* TO DO: The pictures in the data below are to be omitted; all else must be duplicated exactly.

* INFORMATION PROVIDED:
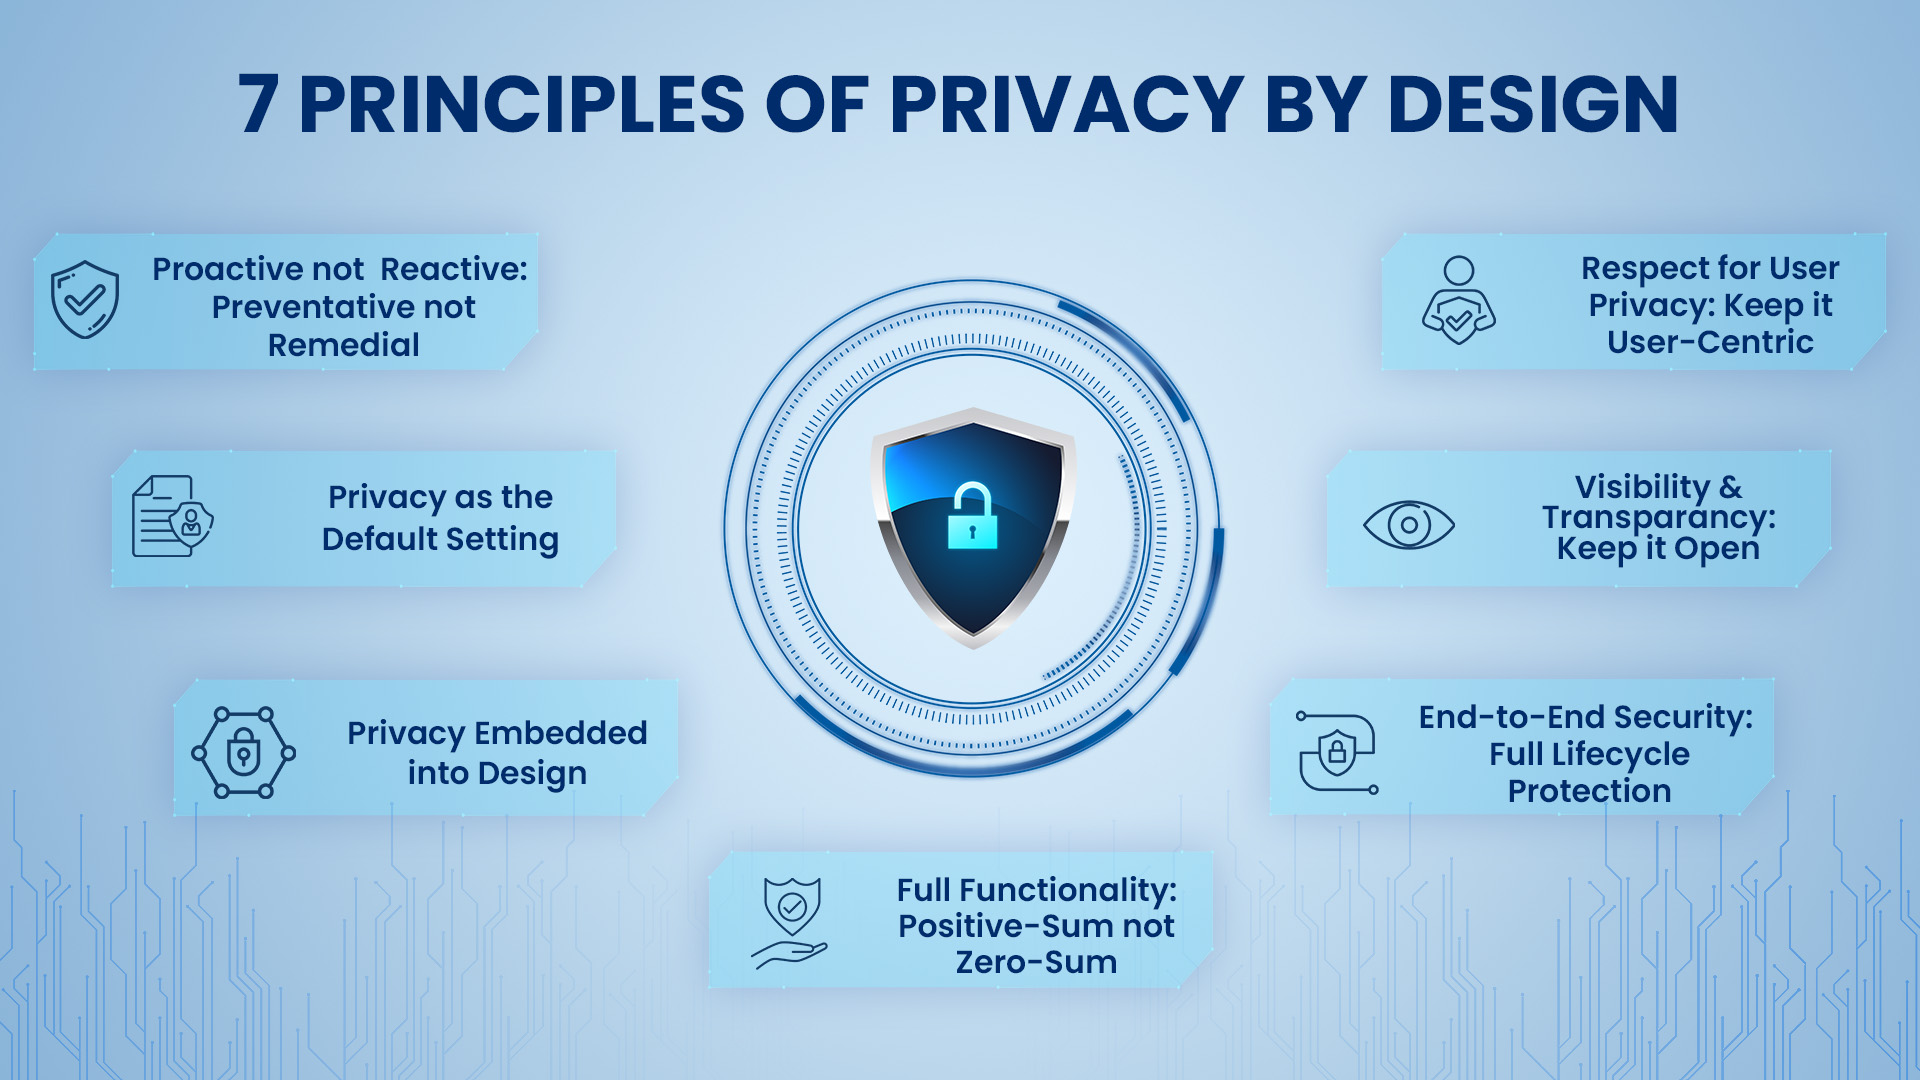 7 Principles of Privacy by Design
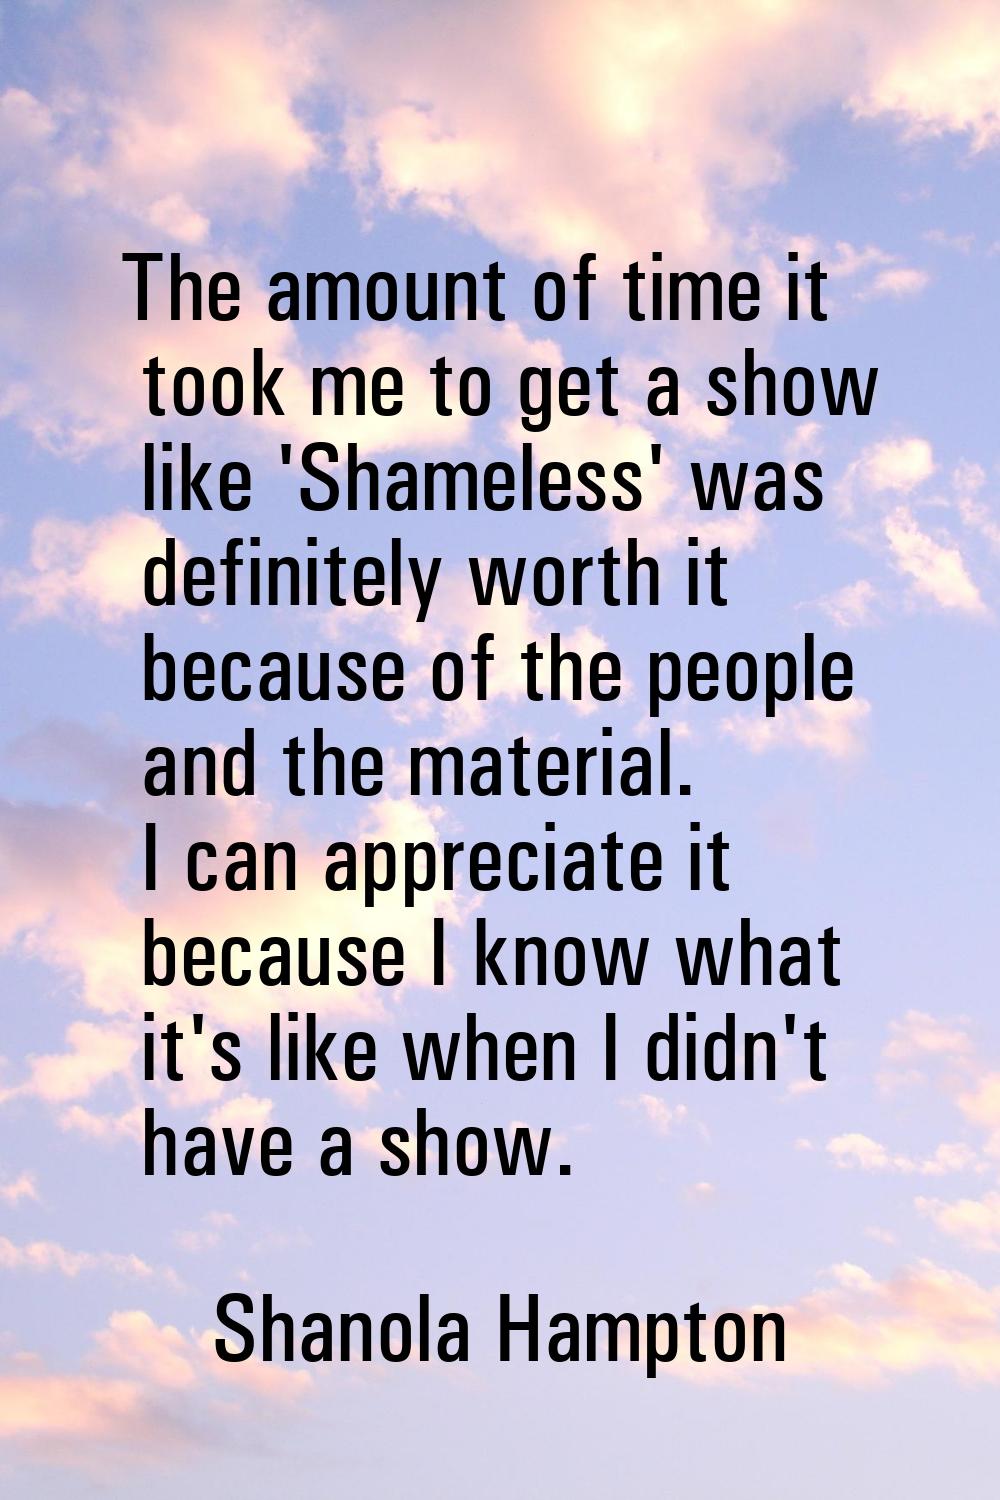 The amount of time it took me to get a show like 'Shameless' was definitely worth it because of the
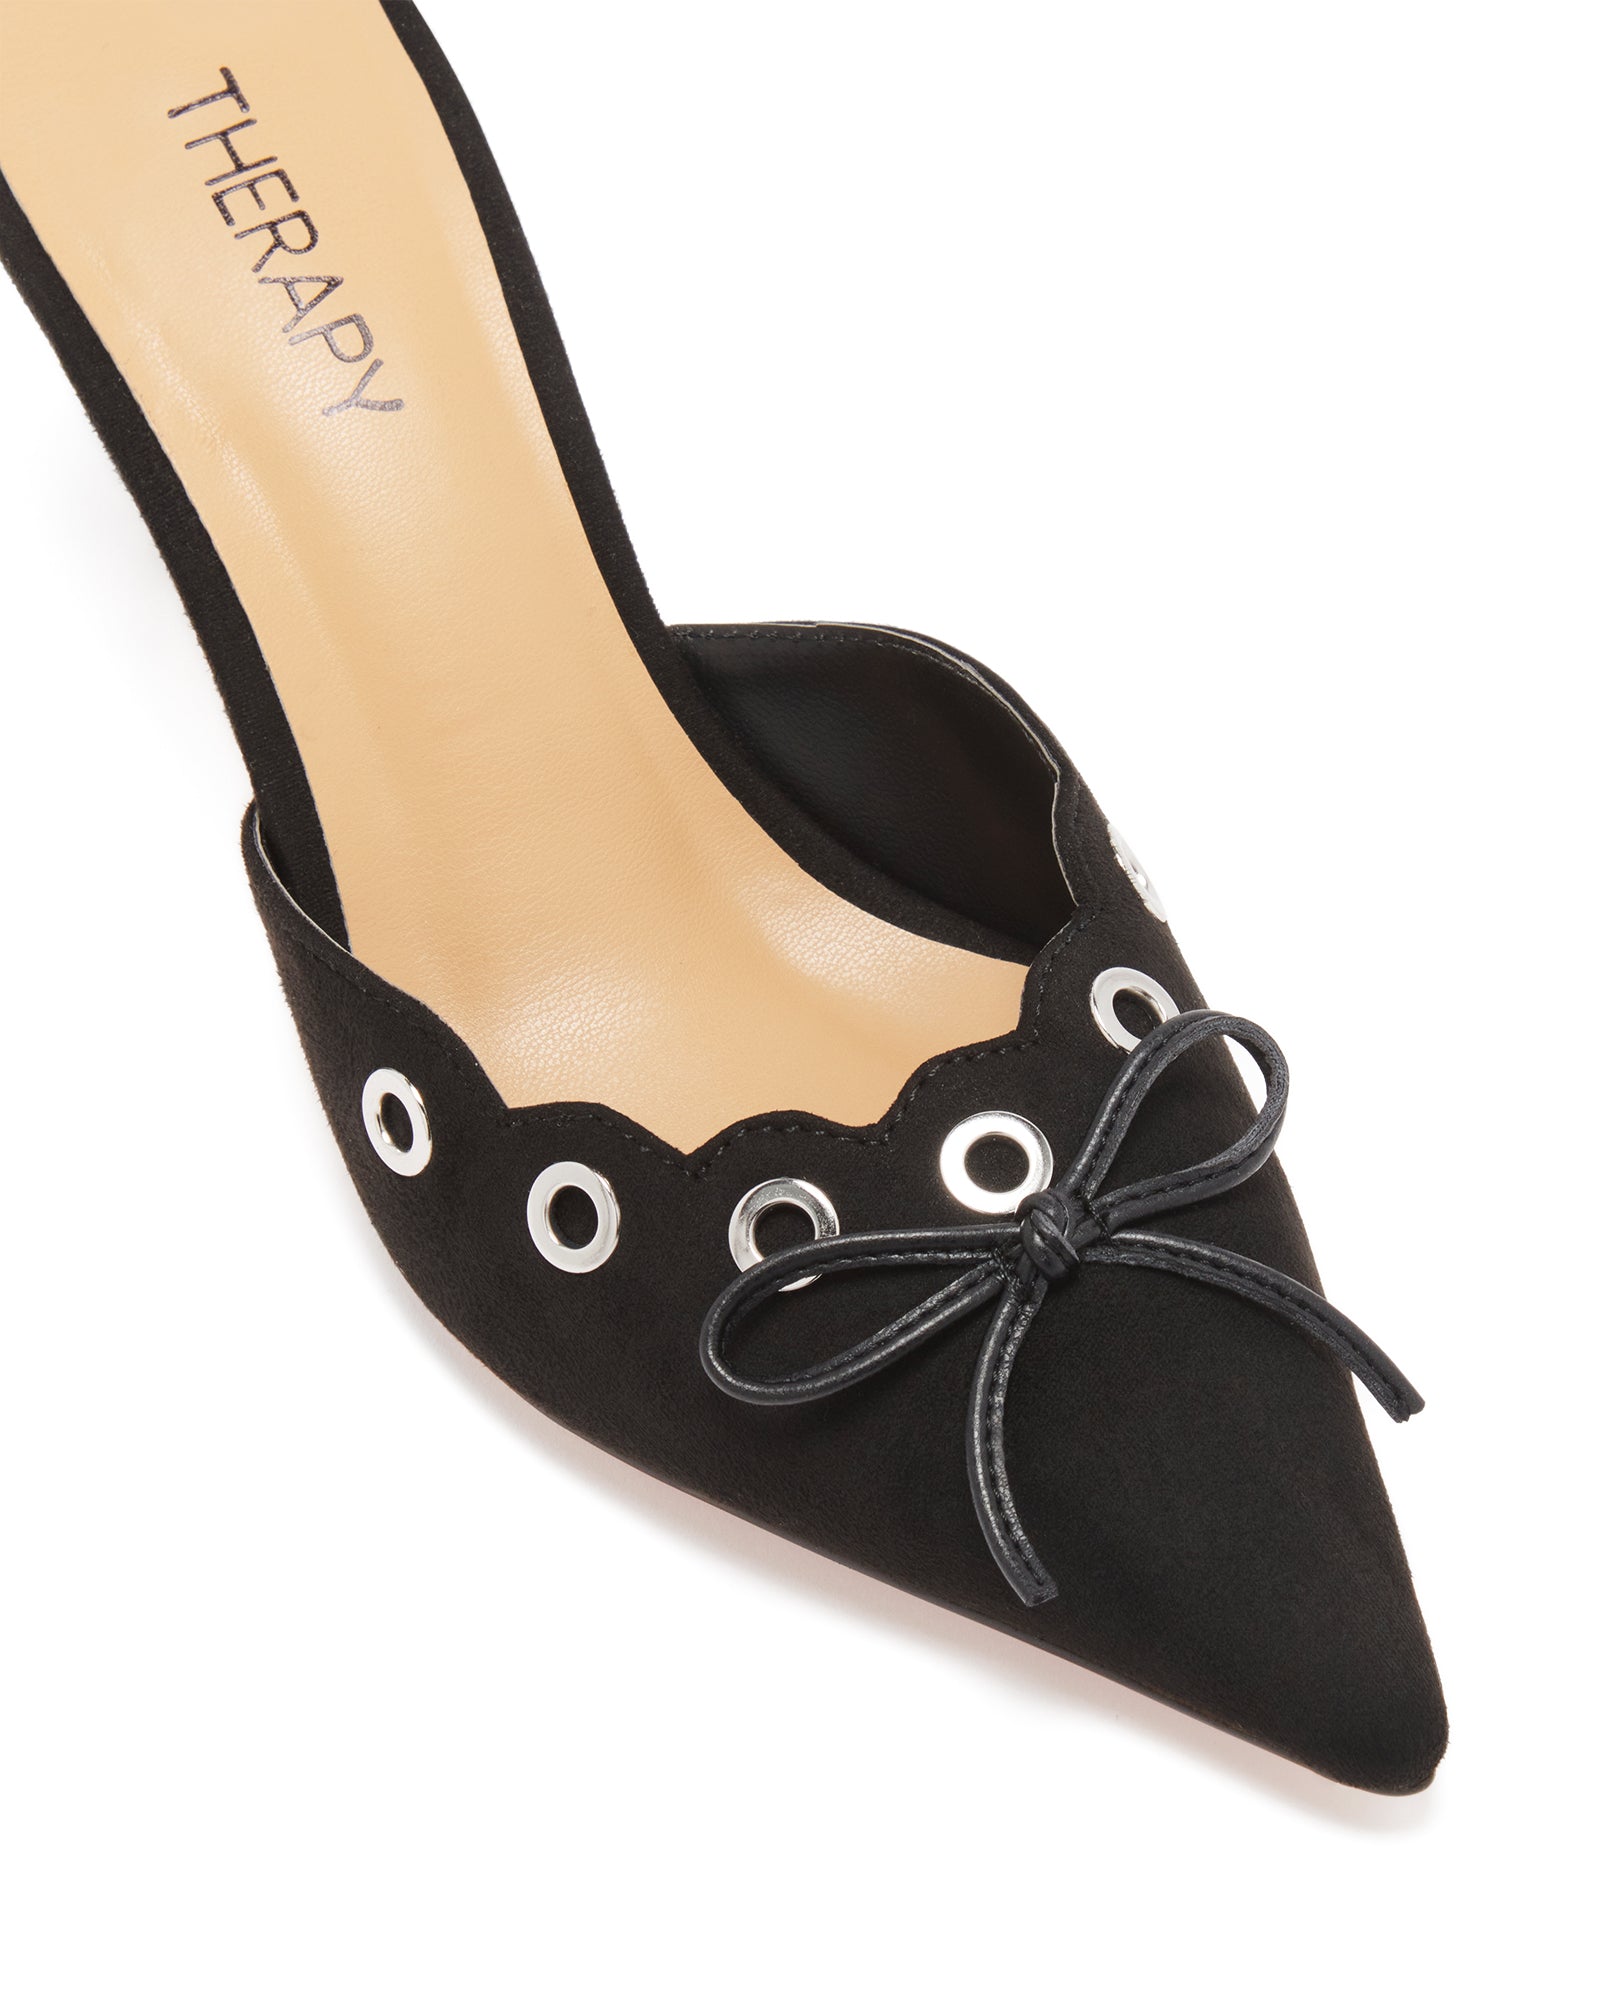 Therapy Shoes Justice Black Microfibre | Women's Heels | Pumps | Kitten

* ANSWER SECTION:
 7 Principles of Privacy by Design
 The amount of time it took me to get a show like 'Shameless' was definitely worth it because of the
 Therapy Shoes Justice Black Microfibre | Women's Heels | Pumps | Kitten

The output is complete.